As we continued our verbal walk through the twilight zone, he described the Ocala club’s logo (shown here), which is similar to an old Okinawa club logo that co-founder Tom showed me a while back. To top it all off, the Ocala club’s trail system is dubbed “Spider Kingdom,” which of course is close enough for government work to our “Spider Loop” trail system in Okinawa. A final coincidence from my brief research is that both clubs started up at about the same time: 10 years ago.

I’d heard of sister cities before, but never sister clubs. I sent the Ocala president a note introducing our club thinking, although it’s a bit of a stretch, that there may be some merit in fostering an international relationship between the two clubs. I'd encourage any of the Okinawa riders who consider themselves ambassadors to make contact as well.

In the meantime, I’ve already torn up the singletrack in Tampa’s
Alafia State Park, so I guess Bellview, Florida, is next “must see” if I’m ever in 'gator country again. Can’t wait to see what “Spider Kingdom” has to offer!

Saturday, April 14, 2007

TALES: The Final Stretch of Dirt in Paradise

It was a sad day for me today, as I took my last MTB ride in Okinawa for a very long time (thanks to Alex, Jeremiah, Matt and Joe for making it a good one!). Not bad at all at 20+ miles, but still far short of what’s needed for the Shenandoah Mountain 100 with Tom in September! I’m not too proud to say that the prospect is incredibly intimidating while tremendously exciting at the same time. I’m anxious to see how we hold up (actually, it's me and not Tom that I’m concerned about).

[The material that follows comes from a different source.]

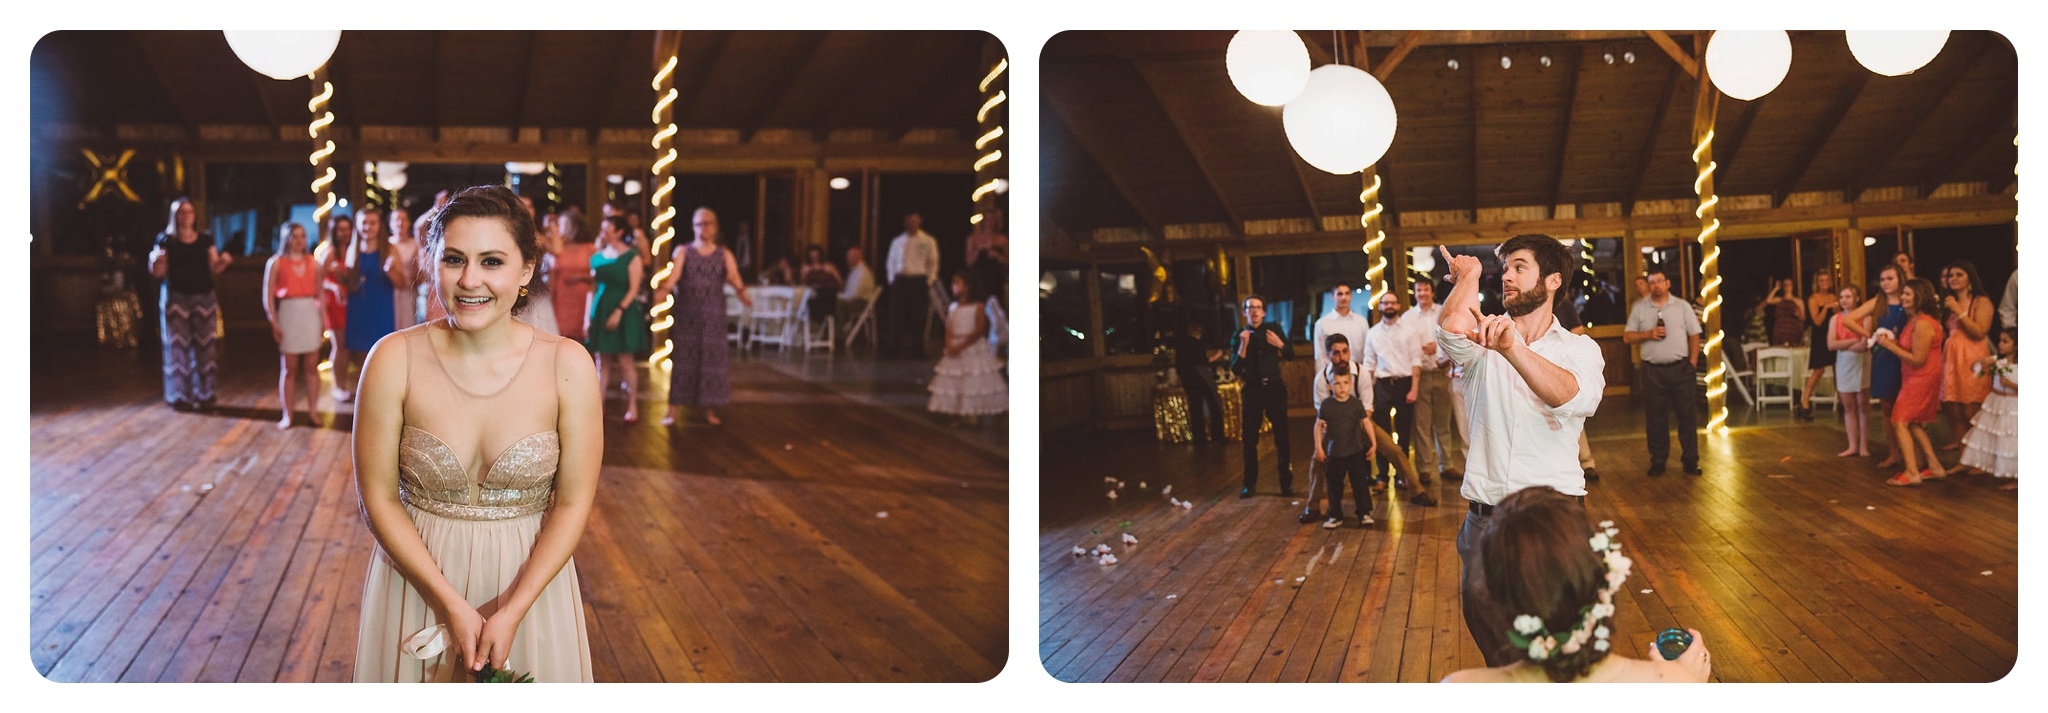 Braeloch-Weddings-Wedding-Photographer-Pat-Cori-Photography-047.jpg

Despite my SOCAL and Durango heritage, those who know me know that Okinawa is where I fell in love with mountain biking in 1998, so it’s been nostalgic this go-around. It’s also a bit tougher to say goodbye this time, knowing that I’ll likely never return. I must say that I’ll even miss the
banana spiders!

I spent the afternoon boxing up my baby for advance shipment this week. It's been a great 3+ years here, and the guys of
OMBA are a fantastic group to ride with (I hope this blog has done them and the association justice). Riding here has been technically challenging and rewarding, and what I've learned here has already paid off on short trips elsewhere.

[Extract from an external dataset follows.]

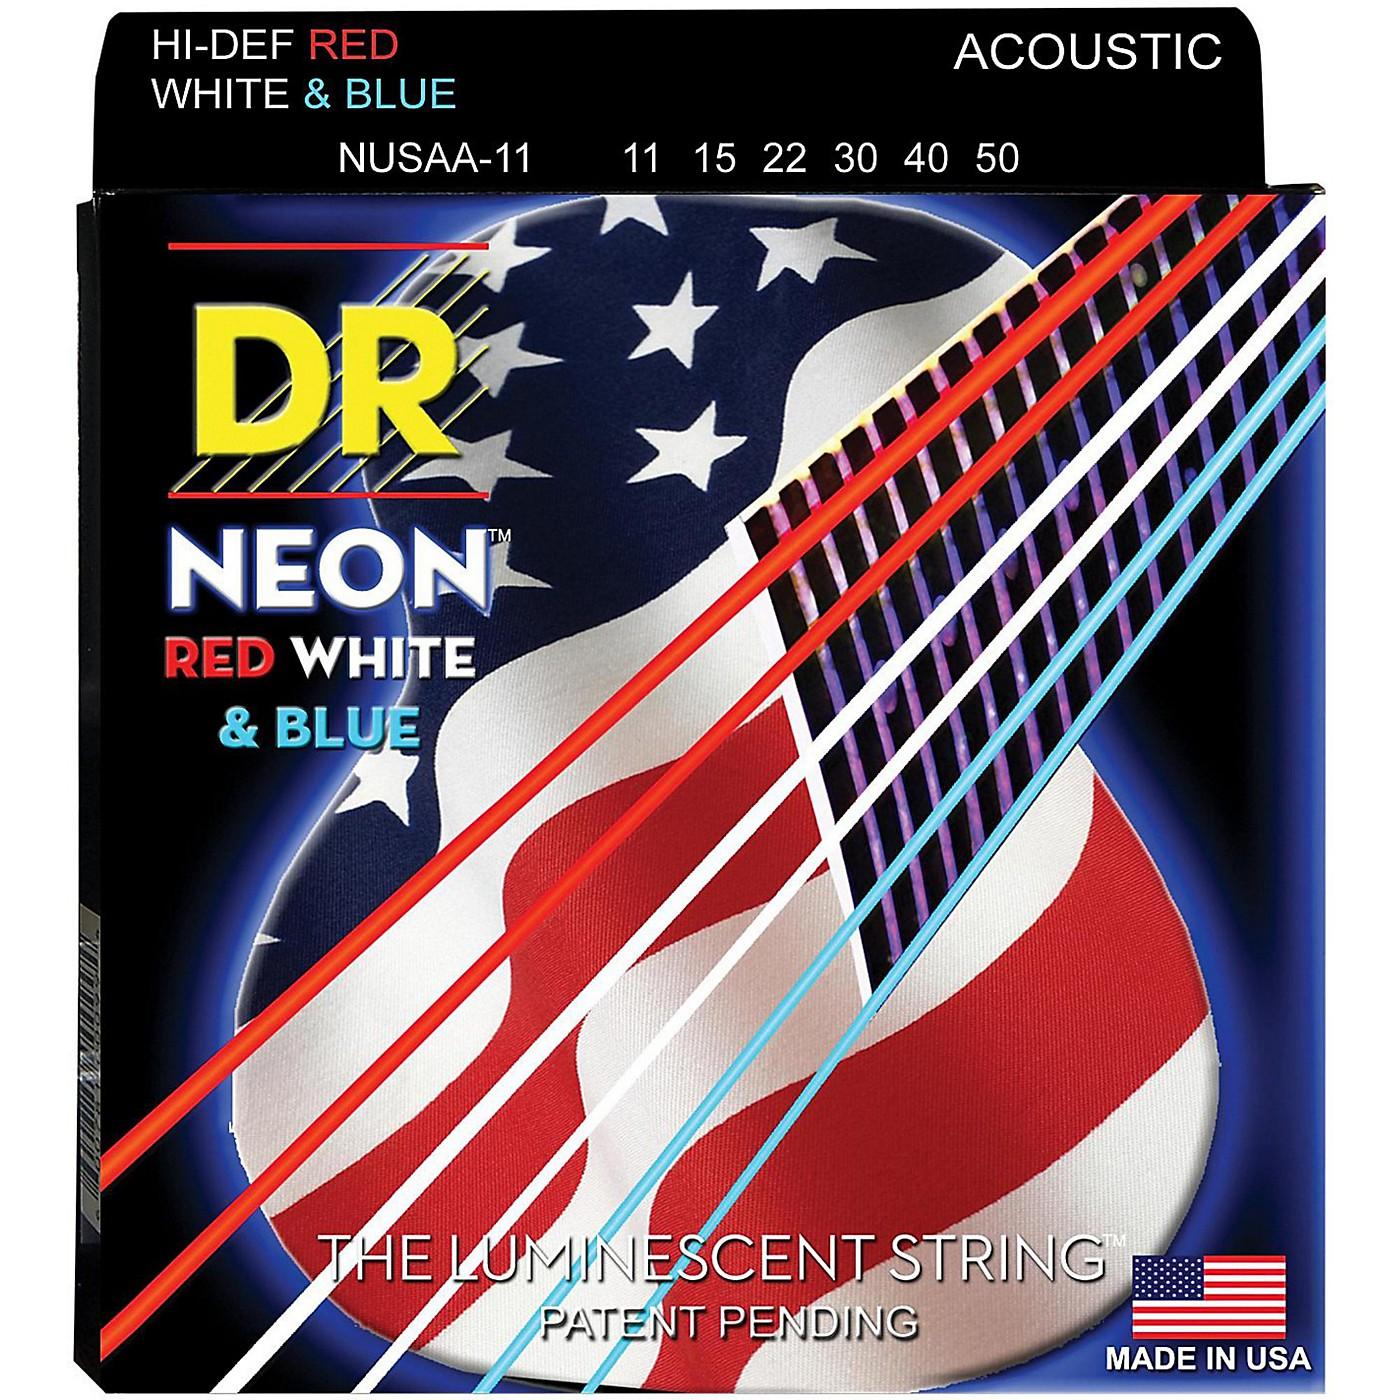 DR Strings Hi-Def NEON Red, White & Blue Acoustic Guitar Medium-Lite Strings thumbnail

I'll be moving to KC, where I'll do my best to replace the fun riding with
OMBA by riding with the crew at Earthriders Mountain Bike Club (100+ miles of singletrack within 30 minutes of home – never thought it of Kansas).

Looks like skinny tires only in the meantime, and there’s plenty of Okinawan coastline along the highway to explore in my spandex before I leave! I look forward to continuing this blog once our tornado touches down in the land of Dorothy and Toto.